Using Gas Pycnometry to Determine Battery Component Crystallinity

The crystallinity of powder cathode and anode battery components plays a key role in electron transfer properties. Gas pycnometry can be used to assess the skeletal density of these components, which can then be related to the crystallinity. Extremely accurate volume measurements, like those performed with the Ultrapyc 5000, are required for this application to determine relative crystallinity.


Improving electrode battery components to achieve faster and more efficient energy transfer is an important part of battery material research and design. In particular, crystallinity is a critical property of solid battery electrode components because it enables ions  to conduct efficiently through the anode and cathode instead of slowing down in the amorphous domains. The higher the crystallinity of the anode or cathode component, the more efficient the electron transfer through and between the components.

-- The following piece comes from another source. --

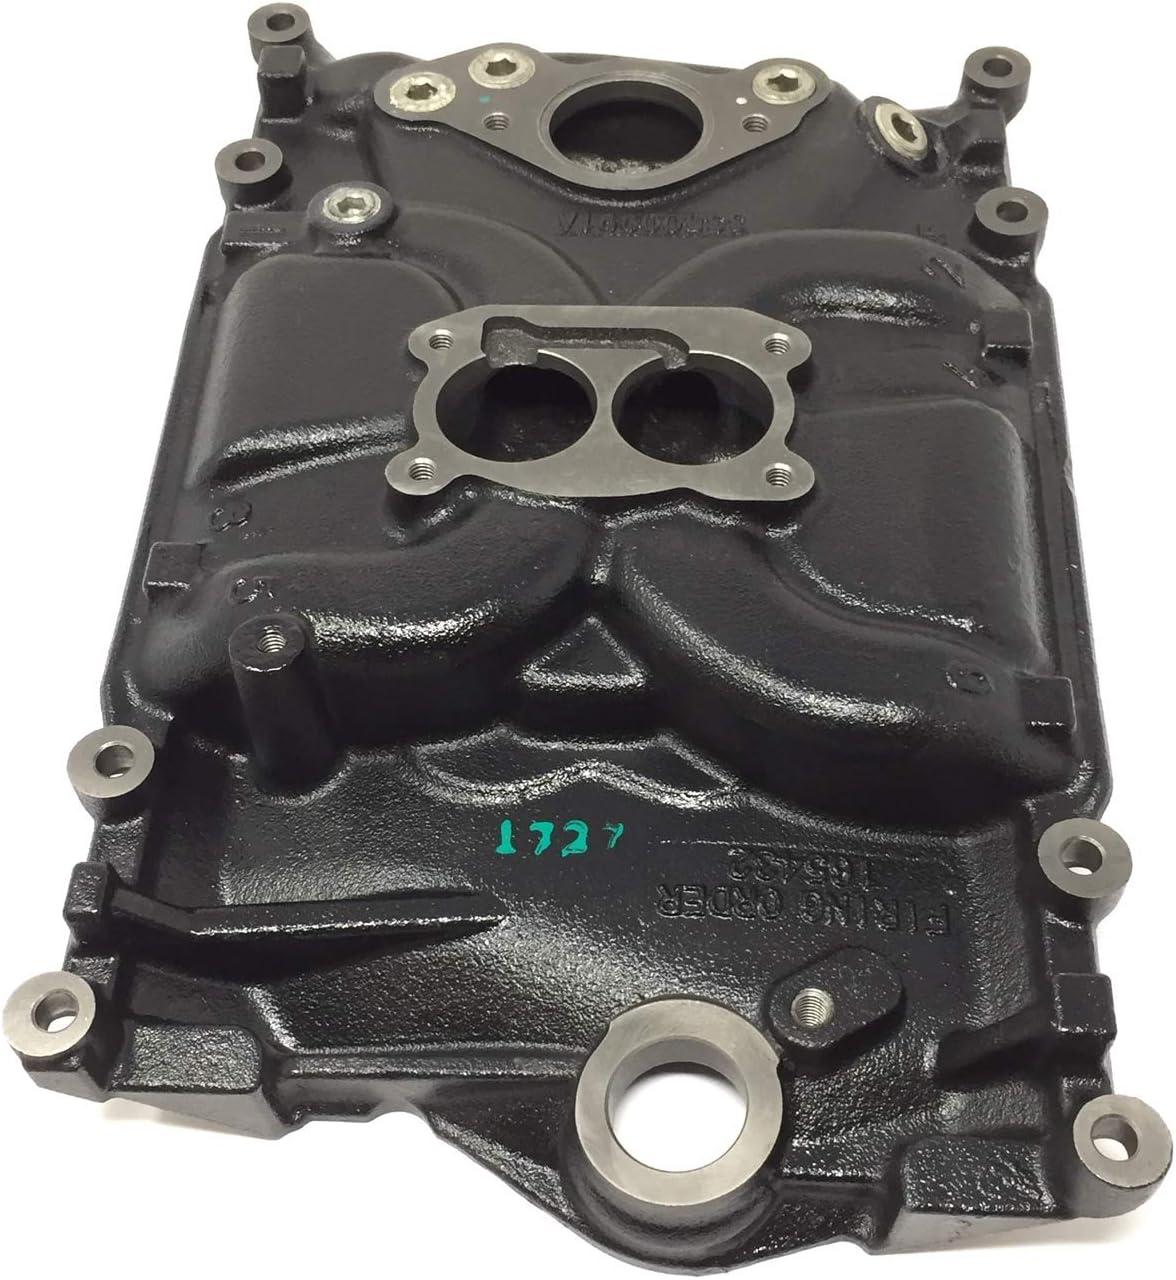 NEW MERCRUISER 4.3 INTAKE GASKET SET 27-824326 SS 27-8M0149028
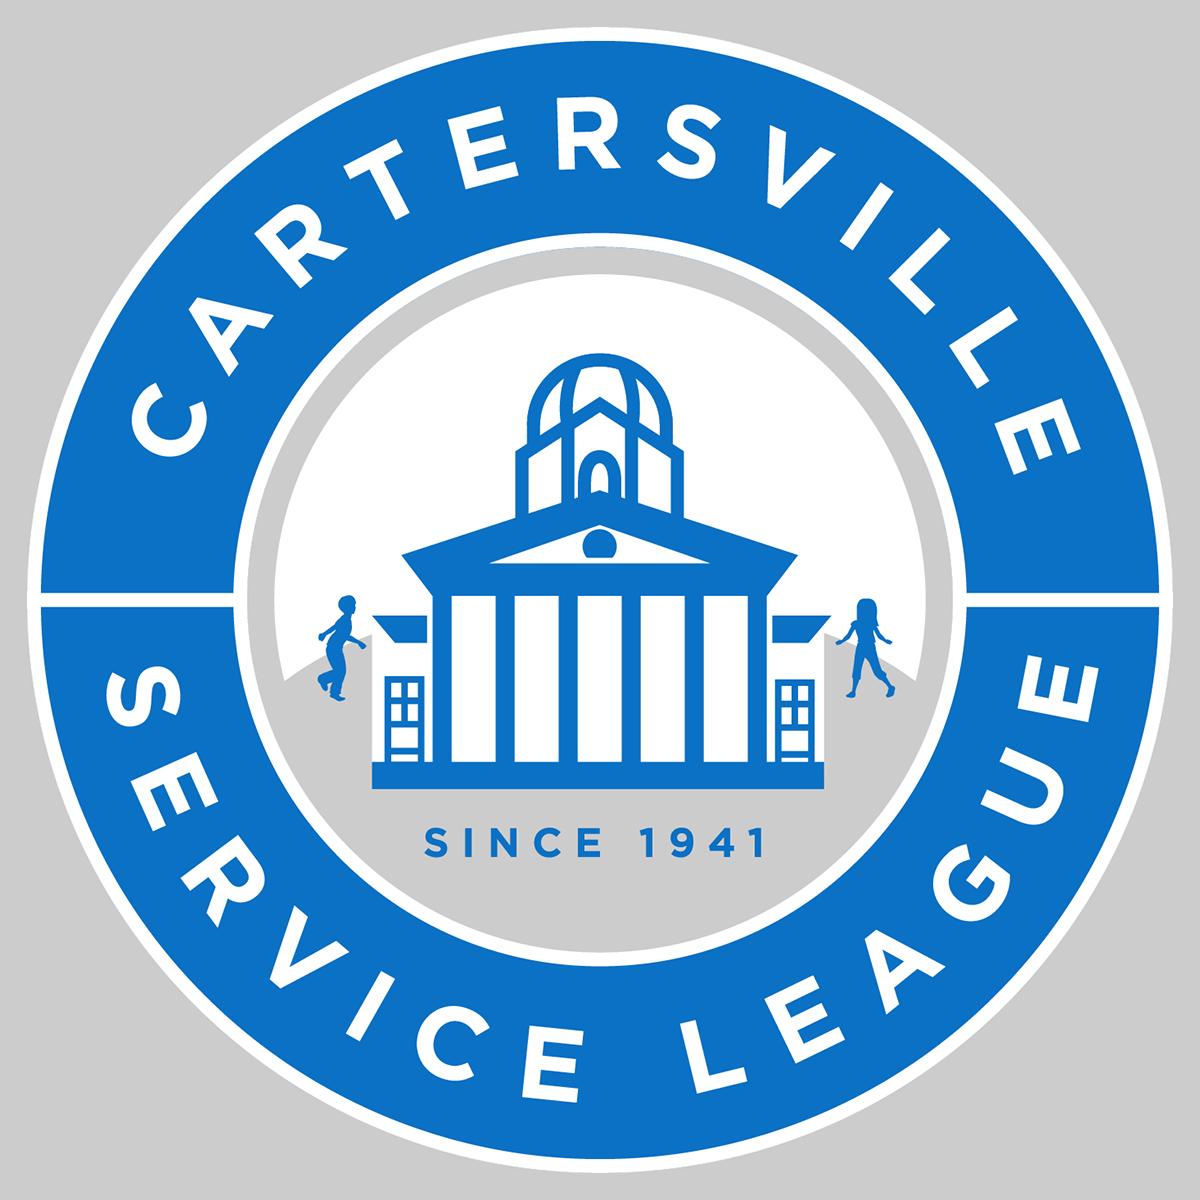 Cartersville Service League

Crystallinity affects the volume of a material and the degree of crystallinity can be detected using a technique that can measure the skeletal volume, such as gas pycnometry. The mass and measured volume of the sample are used to calculate the skeletal density. Therefore, skeletal density correlates with the crystallinity of a material, where the higher the skeletal density, the more crystalline the material. If skeletal densities of the completely amorphous and completely crystalline formations are known, it is also possible to compute the percent of crystallinity of a given sample.